Hal senada juga diungkapkan Syamsul Bahri, seorang warga Kelurahan Pasar Baru, Kecamatan Sei Tualang Raso, Kota Tanjungbalai. Menurut dia, polisi seharusnya bergerak cepat mengusut kasus pemungutan dana Program Kotaku tersebut guna mencegah terjadinya kerugian negara yang lebih besar.
“Kalau memperhatikan informasi yang beredar tersebut, pemungutan dana Program Kotaku ini sudah terjadi sejak pencairan tahap pertama dana Program Kotaku yakni di sekitar bulan April 2019 lalu. Namun, selain sangat kita sayangkan, kita juga sangat kecewa melihat pihak kepolisian belum melakukan pengusutan sementara informasi pemungutan dana tersebut sudah bukan menjadi rahasia umum lagi,” kata Syamsul Bahri.
Menurut Syamsul, polisi seharusnya cepat melakukan pengusutan dan pencegahan atas adanya pemungutan dana Program Kotaku itu sebelum menjadi lebih fatal.
Seperti diketahui, pada tahun 2019 ini, Kota Tanjungbalai menerima anggaran sebesar Rp34 Miliar lebih untuk pelaksanaan Program Kotaku di 24 kelurahan. Akan tetapi, pelaksanaan sejumlah program Kotaku di Tanjungbalai terkesan asal asalan sehingga jauh dari harapan sebagaimana tujuan dari program yakni meningkatkan kualitas hidup masyarakat melalui kontribusi pengurangan kumuh dengan pengerjaan jalan lingkungan, drainase, persampahan dan penataan permukiman.
Akibatnya, Jaringan Sihotang, Koordinator Daerah Indonesian Corruption Watch (ICW) Kota Tanjungbalai mendesak aparat penegak hukum untuk mengusutnya. Alasannya, karena anggaran untuk Program Kotaku pada tahun 2019 ini di Kota Tanjungbalai jumlahnya cukup besar, mencapai sekitar Rp34 milyar, sementara hasilnya dilapangan sangat jauh dari harapan.
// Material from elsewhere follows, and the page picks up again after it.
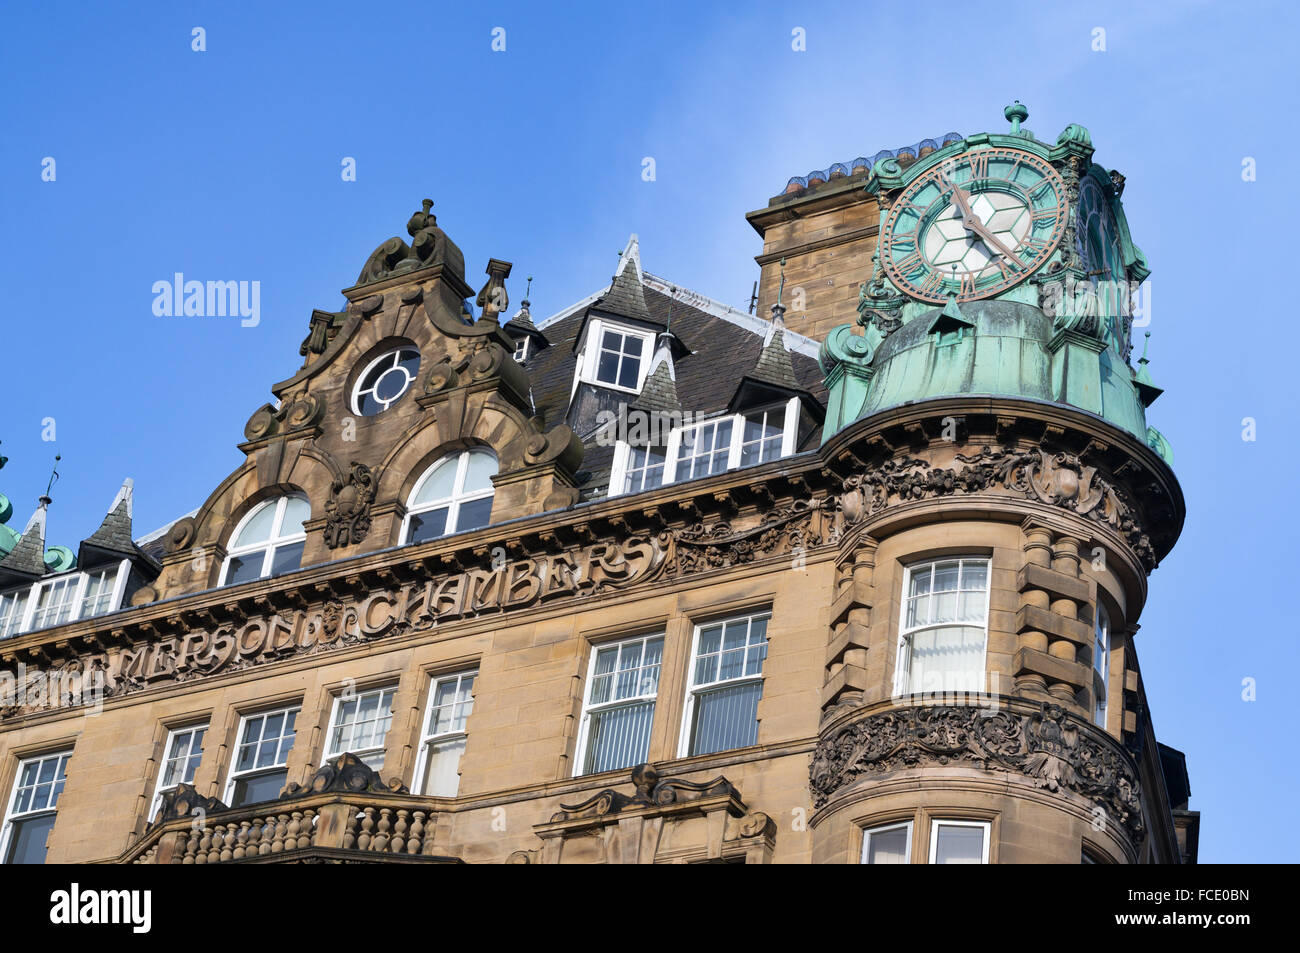 Des détails architecturaux de l'art nouveau 1903 Emerson Édifice Chambers, Newcastle upon Tyne, Angleterre du Nord-Est, Royaume-Uni Banque D'Images

“Kita bisa melihat langsung dilapangan, bahwa kondisi dari sejumlah fasilitas umum yang dibangun melalui Program Kotaku tahun 2019 sangat jauh dari kata layak. Diantaranya, adanya bangunan sumur bor tanpa drum penampung air dan meteran listrik, demikian juga dengan tempat sampah yang dibangun diatas saluran draenase serta sejumlah fasilitas lainnya,” ujar Jaringan Sihotang.
Hal senada juga diungkapkan Nur Syahruddin SE, Ketua LSM Meredka Kota Tanjungbalai saat ditemui terpisah. Katanya, akibat kurangnya pengawasan dari aparat penegak hukum, anggaran Program Kotaku sangat rawan menjadi objek korupsi oleh pengelolanya mulai dari tingkat kota sampai kepada pengurus BKM di kelurahan.
“Kita berharap kepada aparat penegak hukum agar mengusut tuntas pengelolaan kegiatan dari Program Kotaku tahun 2019 di Kota Tanjungbalai ini karena, kuat dugaan sarat dengan penyimpangan. Bahkan, yang melaksanakan pekerjaan bukan oleh KSM sebagaimana mestinya, melainkan atas penunjukan dari BKM di setiap kelurahan,” ujar Nur Syahruddin SE. (ign)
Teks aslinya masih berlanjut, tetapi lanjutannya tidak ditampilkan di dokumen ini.